Mechanical complications such as hemothorax, cardiac injury, and arteriovenous fistula can occur when using a dilator. 6 Dilators that are used for insertion of large-bore catheters are stiffer and thicker than those used for insertion of conventional catheters. A thick dilator can damage blood vessels other than the target vessel. 7 Large-bore catheters may require vigorous force during insertion, which may cause vascular injury. 8 A large-bore catheter also causes mechanical problems caused by its large size and soft sheath. The sheath of a large-bore catheter has a large diameter but is soft and less resistant to external forces.Because of their large diameter, such sheaths may cause the vessel to rupture upon insertion. 9 A thin sheath has weak resistance to external force and may fold on itself due to pressure from and advancement past the surrounding tissue. 10 The sheath can rotate and become occluded by its own weight. 11 The middle portion of the sheath may fold, and the conduit may become partially blocked.12such morphological plasticity can lead to unexpected mechanical complications, as in the present case.

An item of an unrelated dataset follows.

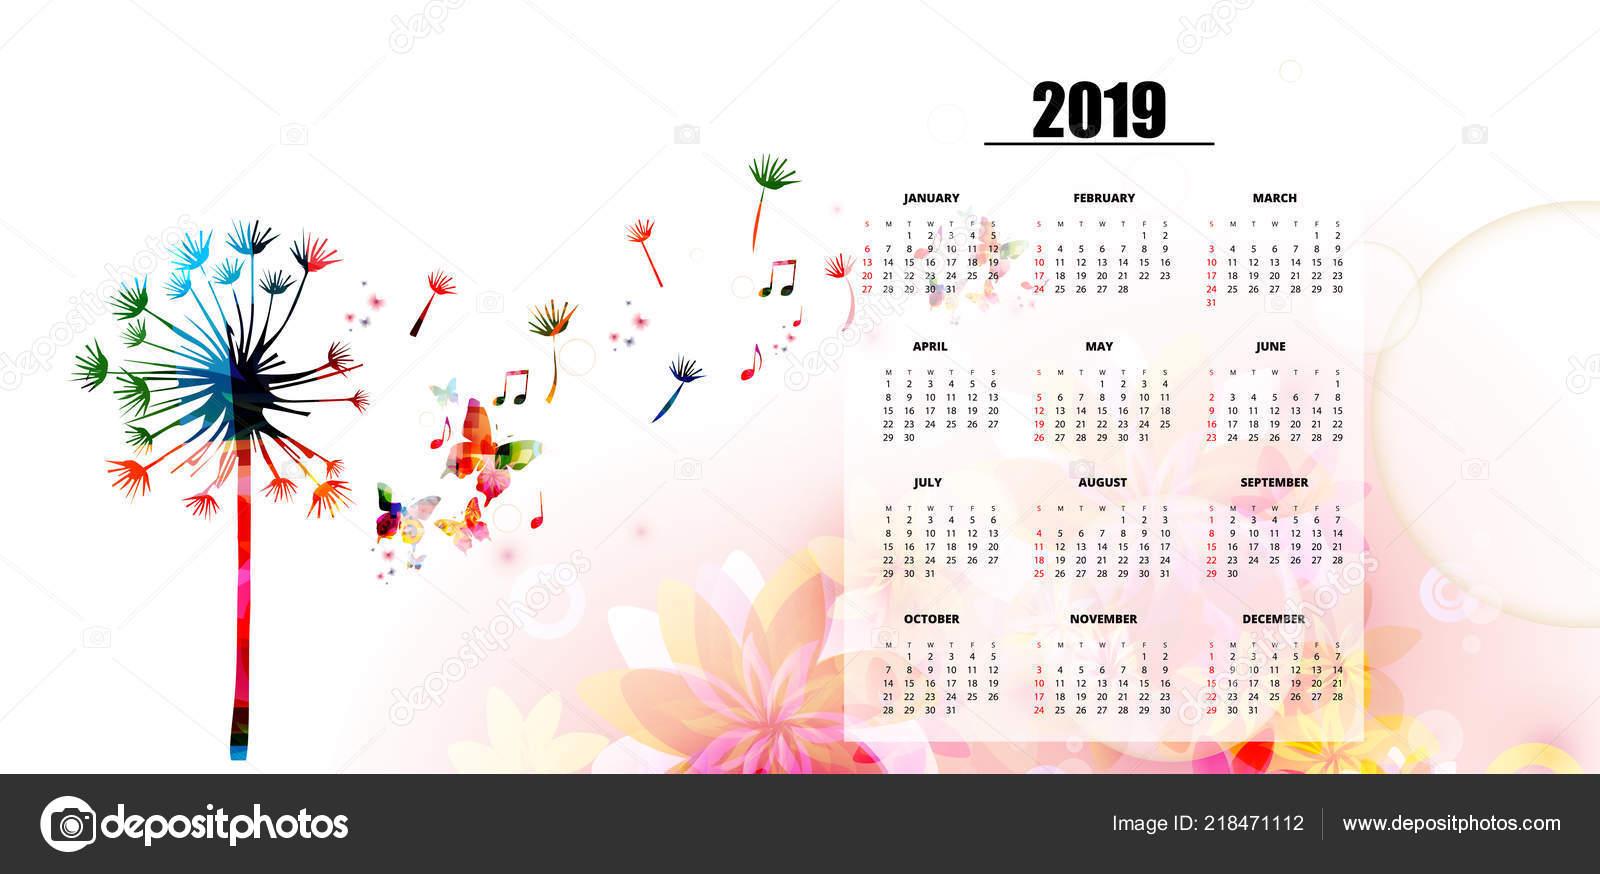 Calendario Con Note.Poster Calendario Anno 2019 Tema Musicale Con Tarassaco
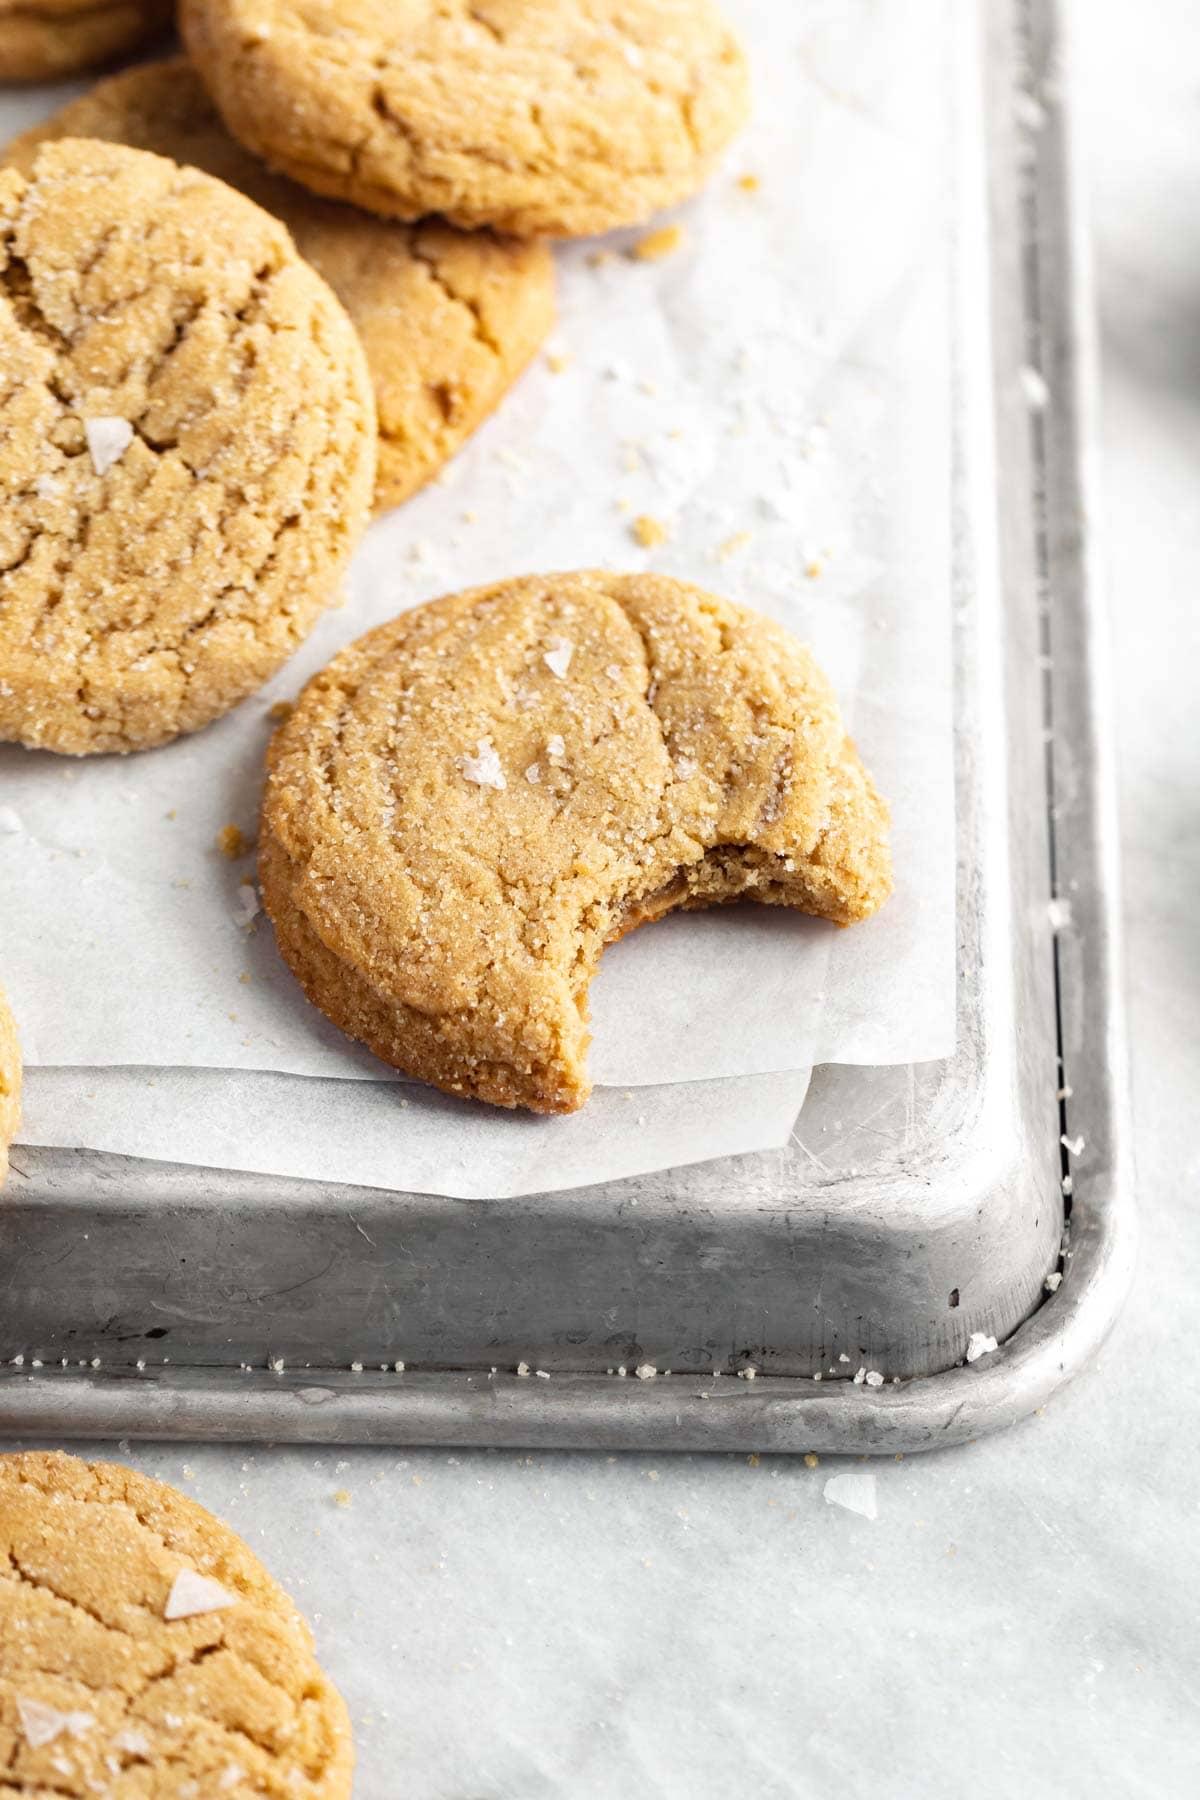 biscuit au beurre d'arachide tendre avec une bouchée

We assume that the events that occurred in our patient were due to the interaction between the distal part of the guidewire located on the posterior wall of the vessel and the soft catheter sheath. We hypothesize that in such cases, the tip of the guidewire seen in the ultrasound image is fixed to the blood vessel; the soft sheath within the blood vessel cannot be advanced because the guidewire is fixed, and the sheath therefore starts to bend. As the pushing force increases, kinking of the sheath also increases. Previous reports have shown that the tip of the catheter can travel back to the head during IJV catheterization13,14; however, this does not occur with large-bore catheters. 12 We postulate that a 7-Fr catheter would bend into a U shape because it is stiff and that a 9-Fr catheter would kink into a V shape because it is soft. Conventional catheters and large-bore catheters differ in the degree of resistance to bending force because of differences in their inner diameter and thickness of the sheath wall. This is consistent with the previous finding that catheters have different bending resistances upon insertion depending on the material of which they are made. 15
Ultrasound guidance allows for safer performance of central venous catheterization. However, static ultrasound is only used for vessel puncture and guidewire localization. Therefore, when inserting a large-bore catheter, the various complications caused by a thick guidewire and large catheter cannot be prevented by the use of static ultrasound. In the present case, we performed ultrasonography to confirm that the guidewire had been placed in the vessel, but a complication still occurred. In conclusion, large-bore catheter sheath insertion is more safely performed with real-time than static ultrasound guidance.
Declaration of conflicting interest
The authors declare that there is no conflict of interest.
Footnotes
Funding
This research received no specific grant from any funding agency in the public, commercial, or not-for-profit sectors.